* _WORK REQUIRED_
Below are records; quote them exactly from the first line through the line that contains "No 19 Kristine Ferrara Grigoli Chameleon".

┌──

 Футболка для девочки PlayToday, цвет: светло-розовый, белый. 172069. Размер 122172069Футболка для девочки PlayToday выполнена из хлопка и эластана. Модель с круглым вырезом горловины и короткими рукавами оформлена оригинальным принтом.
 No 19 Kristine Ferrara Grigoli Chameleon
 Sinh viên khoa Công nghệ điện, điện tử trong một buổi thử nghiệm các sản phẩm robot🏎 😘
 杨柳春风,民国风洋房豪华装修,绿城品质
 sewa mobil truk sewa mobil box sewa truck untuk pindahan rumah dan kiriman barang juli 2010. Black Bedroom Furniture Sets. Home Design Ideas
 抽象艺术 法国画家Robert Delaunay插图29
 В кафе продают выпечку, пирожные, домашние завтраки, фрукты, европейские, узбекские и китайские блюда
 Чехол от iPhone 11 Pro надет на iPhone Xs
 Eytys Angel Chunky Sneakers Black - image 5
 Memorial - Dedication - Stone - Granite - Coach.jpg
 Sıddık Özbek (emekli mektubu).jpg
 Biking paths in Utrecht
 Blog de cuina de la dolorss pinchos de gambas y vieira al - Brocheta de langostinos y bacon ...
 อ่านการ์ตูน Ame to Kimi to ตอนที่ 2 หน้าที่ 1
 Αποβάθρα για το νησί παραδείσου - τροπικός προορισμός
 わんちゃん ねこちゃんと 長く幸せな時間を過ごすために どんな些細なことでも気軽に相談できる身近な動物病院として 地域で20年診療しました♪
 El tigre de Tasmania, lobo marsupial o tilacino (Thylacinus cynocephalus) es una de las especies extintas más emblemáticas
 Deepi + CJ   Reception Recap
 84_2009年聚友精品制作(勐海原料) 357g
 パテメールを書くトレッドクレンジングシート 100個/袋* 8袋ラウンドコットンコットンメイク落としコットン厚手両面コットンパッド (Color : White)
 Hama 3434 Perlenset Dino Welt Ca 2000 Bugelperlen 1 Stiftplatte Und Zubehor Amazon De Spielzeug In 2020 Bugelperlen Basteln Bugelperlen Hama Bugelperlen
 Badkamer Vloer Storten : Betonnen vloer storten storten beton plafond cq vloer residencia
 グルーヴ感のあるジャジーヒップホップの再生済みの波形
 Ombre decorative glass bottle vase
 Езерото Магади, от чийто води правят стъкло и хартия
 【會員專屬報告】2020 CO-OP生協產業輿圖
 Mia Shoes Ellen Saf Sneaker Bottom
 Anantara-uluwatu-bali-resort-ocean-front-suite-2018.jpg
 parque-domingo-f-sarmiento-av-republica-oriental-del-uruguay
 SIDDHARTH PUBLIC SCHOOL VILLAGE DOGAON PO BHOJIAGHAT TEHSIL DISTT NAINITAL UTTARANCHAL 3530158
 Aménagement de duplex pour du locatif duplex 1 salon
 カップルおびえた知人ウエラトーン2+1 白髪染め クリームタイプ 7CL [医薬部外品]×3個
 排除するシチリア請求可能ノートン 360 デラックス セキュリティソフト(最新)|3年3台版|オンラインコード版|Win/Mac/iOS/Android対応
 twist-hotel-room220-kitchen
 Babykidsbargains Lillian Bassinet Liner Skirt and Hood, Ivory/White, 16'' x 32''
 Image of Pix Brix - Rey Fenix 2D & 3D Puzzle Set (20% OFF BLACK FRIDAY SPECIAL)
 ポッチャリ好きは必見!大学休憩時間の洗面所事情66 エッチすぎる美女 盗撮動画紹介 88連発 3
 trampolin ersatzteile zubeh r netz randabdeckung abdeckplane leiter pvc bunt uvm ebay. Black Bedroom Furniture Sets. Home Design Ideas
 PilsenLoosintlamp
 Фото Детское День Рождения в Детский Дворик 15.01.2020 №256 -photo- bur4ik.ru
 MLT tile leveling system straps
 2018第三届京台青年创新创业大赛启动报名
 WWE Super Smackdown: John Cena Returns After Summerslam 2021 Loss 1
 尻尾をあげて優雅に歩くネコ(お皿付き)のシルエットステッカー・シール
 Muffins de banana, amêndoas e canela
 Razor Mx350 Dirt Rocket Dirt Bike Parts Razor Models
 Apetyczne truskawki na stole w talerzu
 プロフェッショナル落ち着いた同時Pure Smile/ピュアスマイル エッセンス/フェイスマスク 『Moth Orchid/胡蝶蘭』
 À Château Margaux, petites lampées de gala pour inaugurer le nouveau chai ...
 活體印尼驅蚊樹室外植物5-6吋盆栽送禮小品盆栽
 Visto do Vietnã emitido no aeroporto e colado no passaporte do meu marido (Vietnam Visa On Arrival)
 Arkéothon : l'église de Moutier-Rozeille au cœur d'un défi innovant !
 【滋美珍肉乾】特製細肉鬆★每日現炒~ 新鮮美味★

└──

* _TASK OUTPUT_
 Футболка для девочки PlayToday, цвет: светло-розовый, белый. 172069. Размер 122172069Футболка для девочки PlayToday выполнена из хлопка и эластана. Модель с круглым вырезом горловины и короткими рукавами оформлена оригинальным принтом.
 No 19 Kristine Ferrara Grigoli Chameleon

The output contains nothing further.